2. Hiergegen erhob der Versicherte am 28. Juni 2018 Beschwerde (Urk. 1) und beantragte sinngemäss, es seien ihm die gesetzlichen Leistungen auszurichten. Mit Beschwerdeantwort vom 25. Juli 2018 schloss die Beschwerdegegnerin auf Abweisung der Beschwerde (Urk. 11 unter Beilage ihrer Akten, Urk. 12/1/1-58; Urk. 12/2/1; Urk. 12/3/1-16), worüber der Beschwerdeführer am 30. Juli 2018 in Kenntnis gesetzt wurde (Urk. 13).
3. Auf die Vorbringen der Parteien und die eingereichten Unterlagen wird, soweit erforderlich, im Rahmen der nachfolgenden Erwägungen eingegangen.
Der Einzelrichter zieht in Erwägung:
1.
1.1 Da der Streitwert Fr. 20’000.-- nicht übersteigt, fällt die Beurteilung der Beschwerde in die einzelrichterliche Zuständigkeit (§ 11 Abs. 1 des Gesetzes über das Sozialversicherungsgericht).
1.2 Die Beschwerdegegnerin hielt im angefochtenen Einspracheentscheid dafür, dass gestützt auf das Aktengutachten von Dr. med. A.___, Facharzt für Chirurgie, vom 13. Juni 2018 nicht überwiegend wahrscheinlich sei, dass es zu einem Muskelfaserriss gekommen sei, so dass die geltend gemachten Beschwerden nicht überwiegend wahrscheinlich auf das Ereignis vom 11. September 2017 zurückgeführt werden könnten (Urk. 2).
Der Beschwerdeführer brachte demgegenüber vor, dass gestützt auf den Bericht der Ärzte des Spitals Z.___ klar ein Unfall vorliege. Er habe die entstandenen Schmerzen auch klar dem Vorfall zuordnen können, da diese eben in diesem Moment entstanden seien. Des Weiteren habe er zuvor noch nie Schmerzen in der Leistengegend verspürt (Urk. 1).
2.
2.1
2.1.1 Ein Unfall ist gemäss Art. 4 des Bundesgesetzes über den Allgemeinen Teil des Sozialversicherungsrechts (ATSG) die plötzliche, nicht beabsichtigte schädigende Einwirkung eines ungewöhnlichen äusseren Faktors auf den menschlichen Körper, die eine Beeinträchtigung der körperlichen, geistigen oder psychischen Gesundheit oder den Tod zur Folge hat.

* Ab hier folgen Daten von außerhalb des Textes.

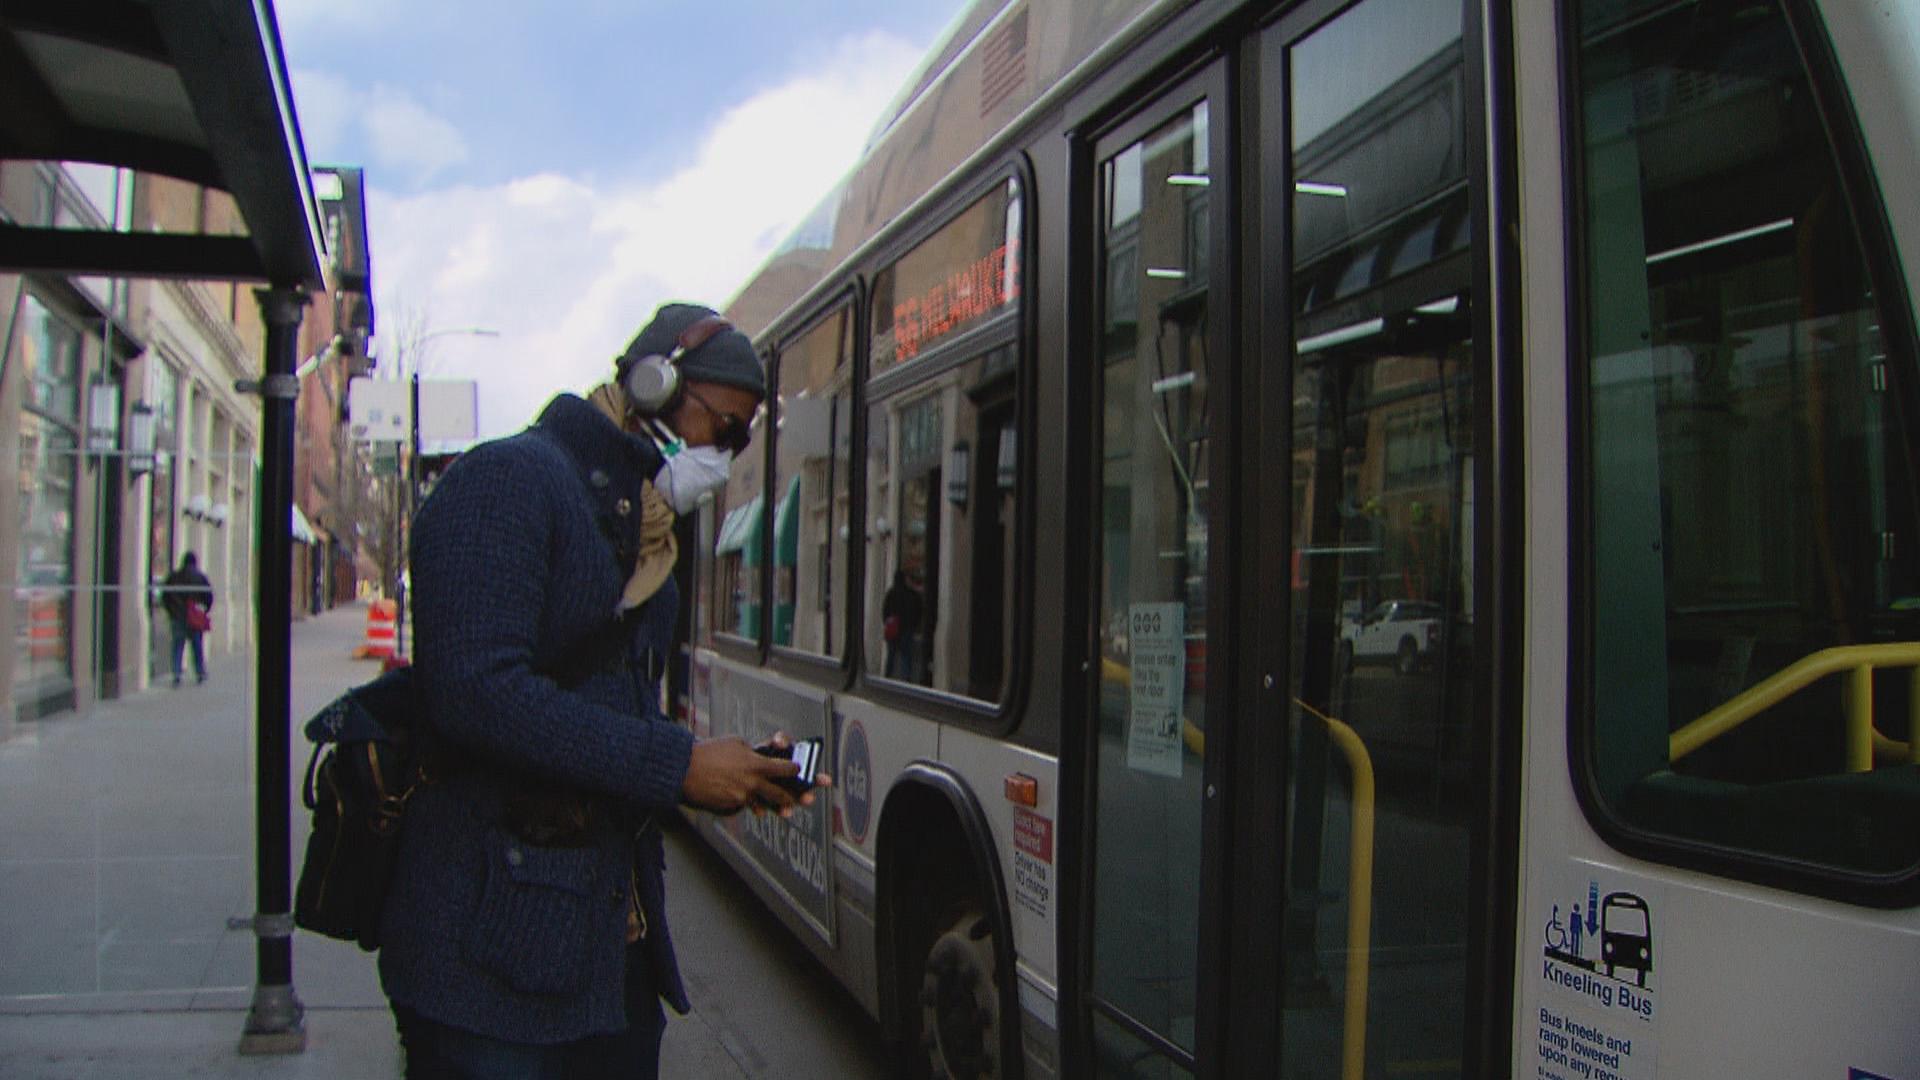 A person wearing a face mask boards a CTA bus in Chicago. (WTTW News)

2.1.2 Nach der Rechtsprechung bezieht sich das Begriffsmerkmal der Ungewöhnlichkeit nicht auf die Wirkung des äusseren Faktors, sondern nur auf diesen selber. Ohne Belang für die Prüfung der Ungewöhnlichkeit ist somit, dass der äussere Faktor allenfalls schwerwiegende, unerwartete Folgen nach sich zog. Der äussere Faktor ist ungewöhnlich, wenn er – nach einem objektiven Massstab – den Rahmen des im jeweiligen Lebensbereich Alltäglichen oder Üblichen überschreitet. Ausschlaggebend ist also, dass sich der äussere Faktor vom Normalmass an Umwelteinwirkungen auf den menschlichen Körper abhebt. Ungewöhnliche Auswirkungen allein begründen keine Ungewöhnlichkeit (BGE 134 V 72 E. 4.1 und E. 4.3.1 mit Hinweis).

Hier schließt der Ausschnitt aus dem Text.